PATH!s are not for lookup, but are for "OPTIONS"

There is a feature of FAIL which is that you can pass it a location to "blame". It's a skippable argument, which you currently pass as an @-word:

greet-negative-number: func [message [text!] n [integer!]] [
    if n >= 0 [
        fail @n "It's called GREET-NEGATIVE-NUMBER, bozo!"
    ]
    print ["Hello" n ":" message]
]

It's nice because instead of seeing the error location as being reported from inside of GREET-NEGATIVE-NUMBER, it points at the callsite... and tell you the name of the offending argument... and its offending value.

Plus, both the error "reason" and the thing to "blame" are optional. This means if you're lazy you can just blame the parameter without a message:

if n >= 0 [fail @n]

You still have the name of the variable, its value, and the better implication of the source of the error at the callsite. Though if you want to just be lazy you can just leave it all off and have a generic failure... which is especially nice in things like SWITCH:

switch x [
    1 [print "one"]
    2 [print "two"]
    fail
]

Back To The Point: About PATH!s vs. TUPLE!s

So certainly if you're going to blame a variable, it should be possible to blame not just WORD!s but things that are looked up in objects.
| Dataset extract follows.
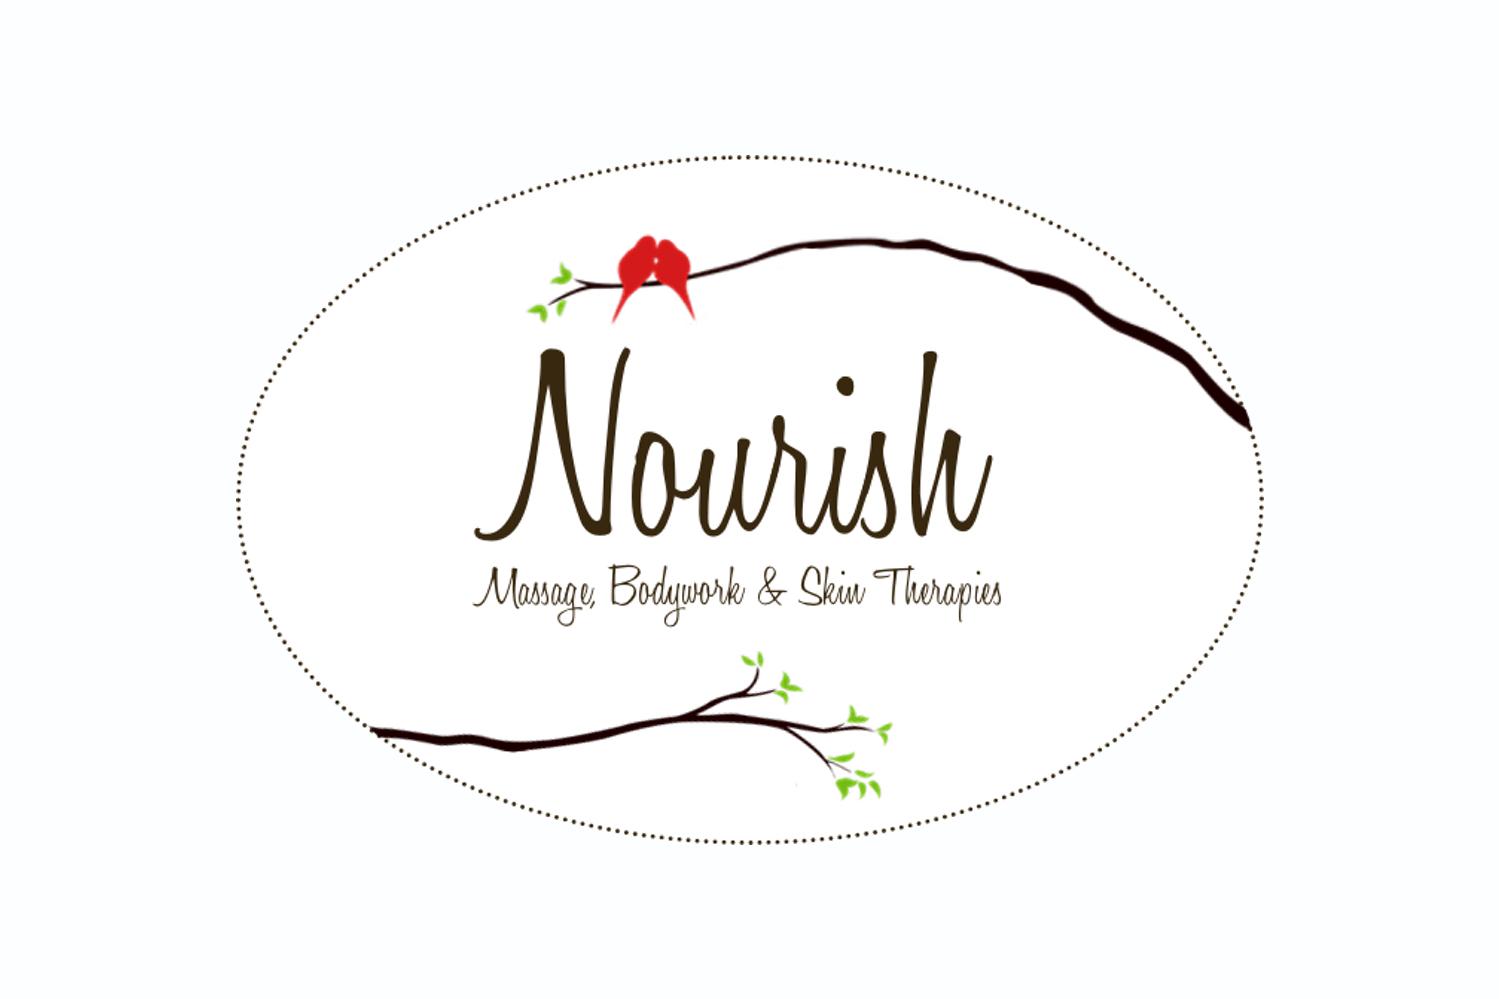 sns nourish logo.jpg

obj: make object! [n: 1020]
if obj.n >= 0 [
    fail @obj.n "Let's say I want this to be negative, too"
]

** Error: Let's say I want this to be negative, too
** Blame: obj.n is 1020

But then I started thinking about the idea that you might have something else to say. Like whether to show the name of the variable in the error.

fail @obj.n/anonymous "Let's say I want this to be negative, too"

** Error: Let's say I want this to be negative, too
** Blame: 1020

If "PATH!s Are For Options", could values have them?

Fancifully:

>> n: 304

>> n/lastdigit
== 4

This blurs the line between "member access" and "option". Perhaps if you can only read a property but not write it, then it's more like calling a function and getting a result?

I'm not exactly sure where this line of argumentation goes. I just thought the application of pathing to add options to the blame argument of FAIL was interesting enough to write up and add to this thread.